RECORDED INFORMATION>

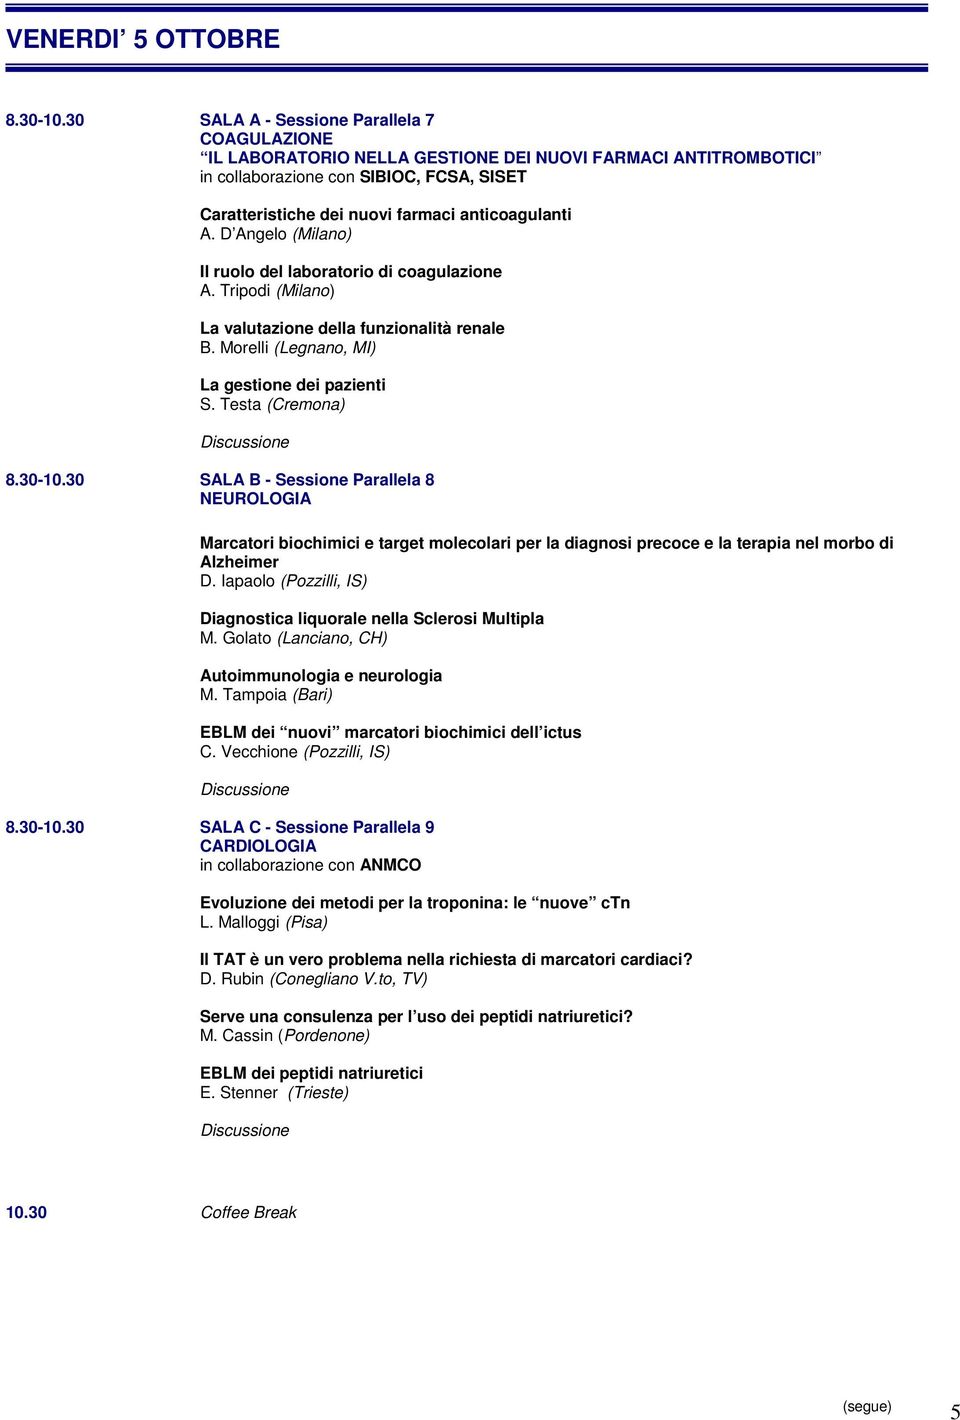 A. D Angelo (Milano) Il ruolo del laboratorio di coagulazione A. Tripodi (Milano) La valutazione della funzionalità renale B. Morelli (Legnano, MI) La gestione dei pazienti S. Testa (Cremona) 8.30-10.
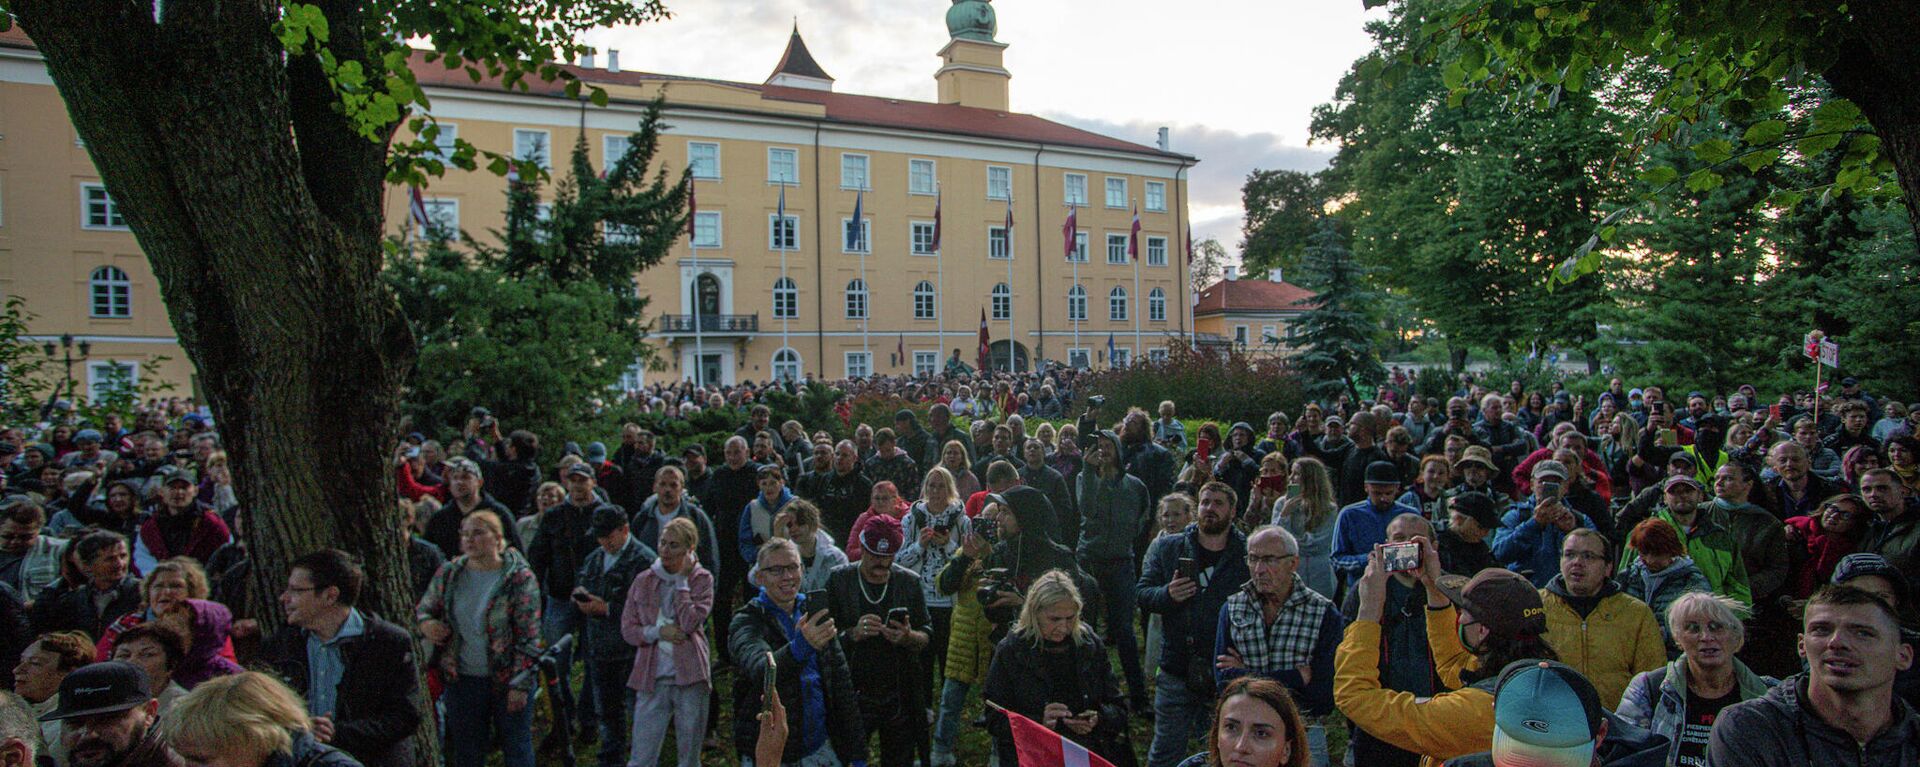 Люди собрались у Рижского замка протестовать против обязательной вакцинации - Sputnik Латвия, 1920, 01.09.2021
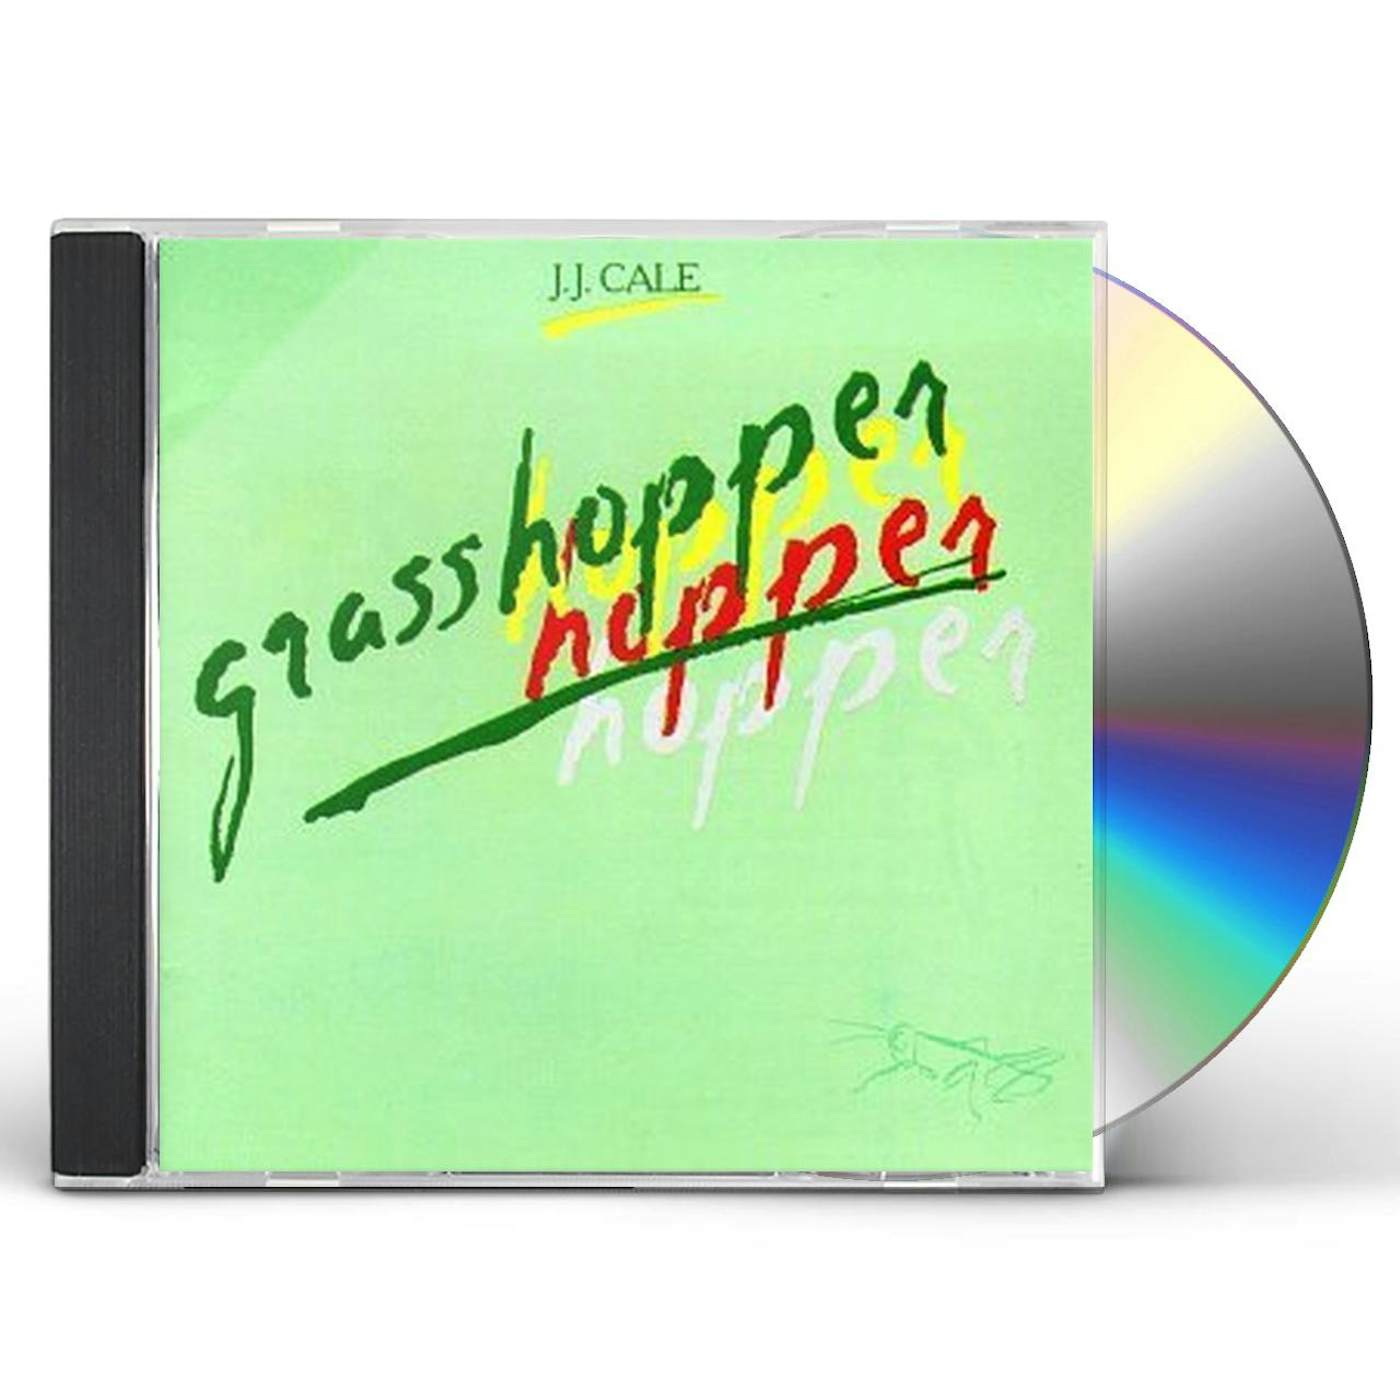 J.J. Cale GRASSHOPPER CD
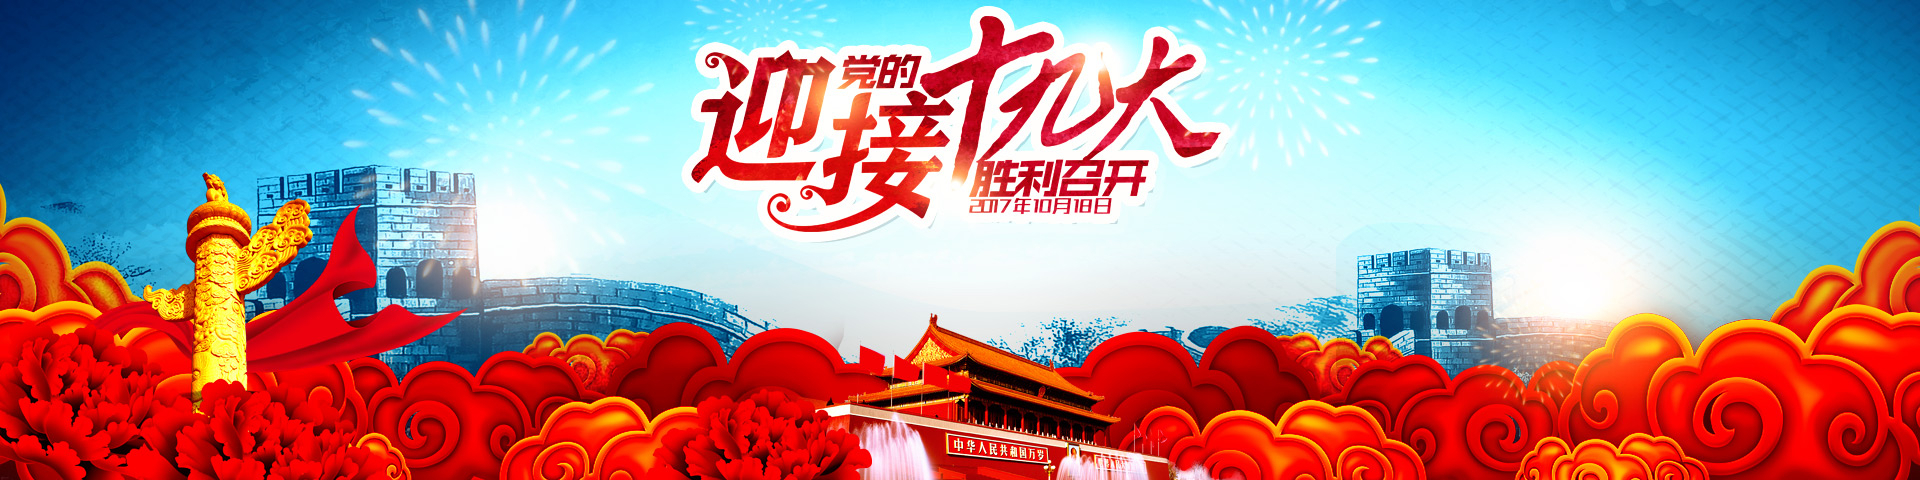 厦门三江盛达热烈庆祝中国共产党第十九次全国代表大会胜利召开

EXERCISE PROMPT> Pictures are not part of the answer, which must be the exact lines from the one holding "J.J. Cale GRASSHOPPER CD" through the end of the material, both ends included.

SOLVED PROBLEM>
 J.J. Cale GRASSHOPPER CD
 厦门三江盛达热烈庆祝中国共产党第十九次全国代表大会胜利召开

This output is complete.